Diplomasi tidak selalu lahir di istana negara. Kadang ia tumbuh di ruang tamu yang tenang, jauh dari sorot kamera dan hiruk-pikuk konferensi pers. Di sanalah percakapan menjadi lebih jujur, dan kepercayaan menemukan jalannya sendiri.

Suatu sore di Jakarta Selatan, Rabu (3/3/2026), sebuah mobil diplomatik berhenti di depan rumah Jusuf Kalla. Tamu yang datang adalah Duta Besar Republik Islam Iran untuk Indonesia, Mohammad Boroujerdi.

Peristiwa itu segera memantik perhatian. Sang duta besar tidak lebih dulu menuju Istana Merdeka. Ia tidak menemui Presiden Prabowo Subianto atau Wakil Presiden Gibran Rakabuming Raka. Ia justru mendatangi seorang tokoh yang tak lagi memegang jabatan resmi.

Dalam diplomasi, pilihan semacam itu tidak pernah sekadar soal jadwal. Ia adalah pesan. Ia menunjukkan kepada siapa sebuah negara merasa lebih nyaman berbicara, terutama ketika situasi sedang genting.

Saat itu Iran berada dalam konflik terbuka dengan Amerika Serikat dan Israel. Serangan militer memakan korban sipil. Dunia Islam berduka ketika Pemimpin Tertinggi Iran, Ayatollah Ali Khamenei, wafat akibat serangan tersebut. Peristiwa ini bukan hanya tragedi bagi Iran, tetapi juga pukulan simbolik bagi umat Islam di berbagai negara.
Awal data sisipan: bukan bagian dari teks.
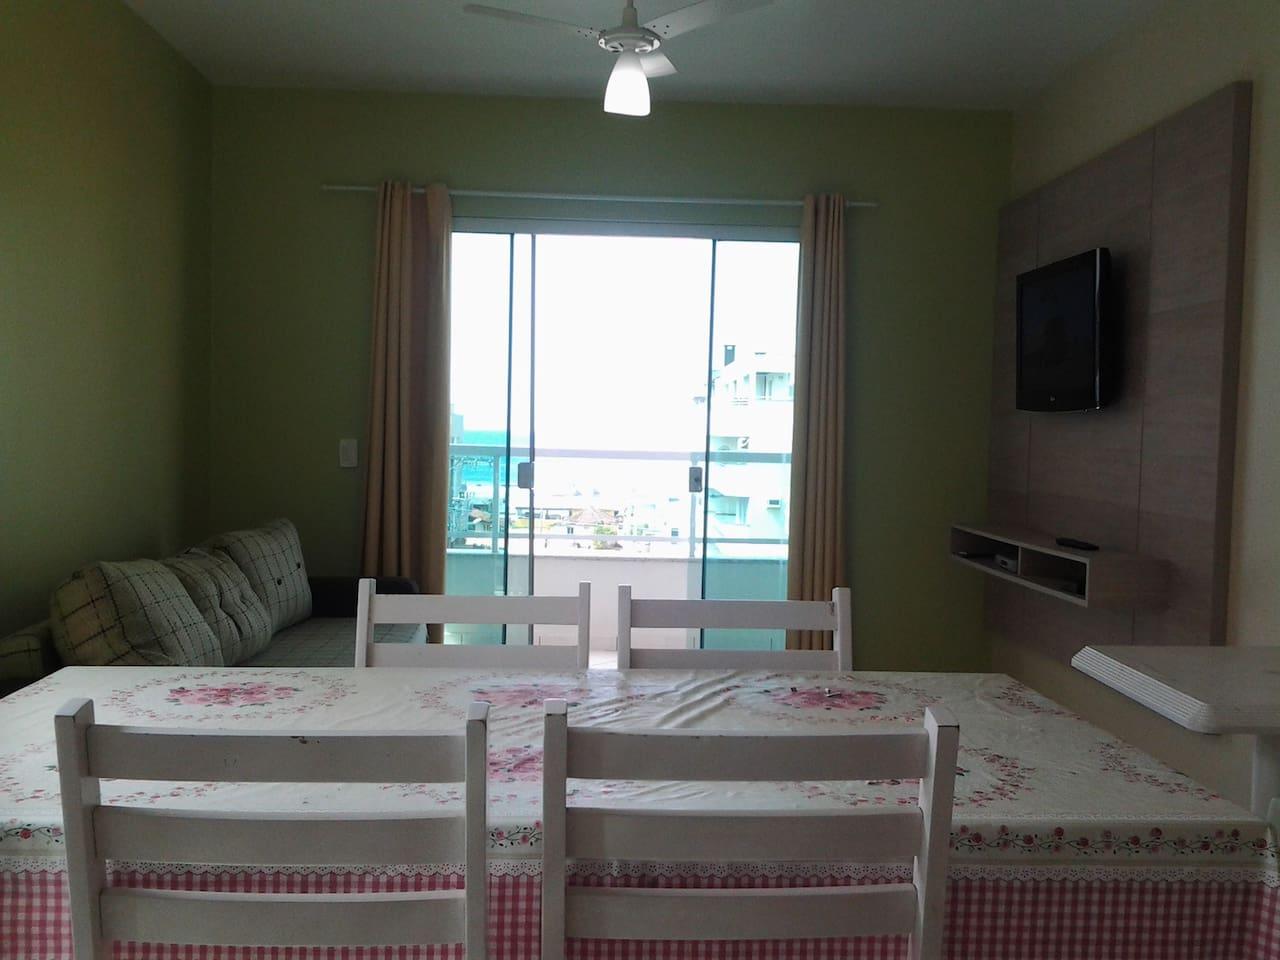 Apartamento em Bombas, bem localizado fica aproximadamente 100 metros da Praia, Sacada com vista pro mar

Di tengah suasana itu, perhatian tertuju pada Indonesia.

Respons pemerintah terlihat tidak sepenuhnya tegas. Pada awal peristiwa, tidak segera muncul pernyataan resmi yang jelas tentang wafatnya Khamenei.

Tidak ada ucapan belasungkawa terbuka yang cepat disampaikan oleh kepala negara. Padahal dalam tradisi diplomasi dunia Islam, penghormatan simbolik terhadap pemimpin yang wafat biasanya dilakukan segera.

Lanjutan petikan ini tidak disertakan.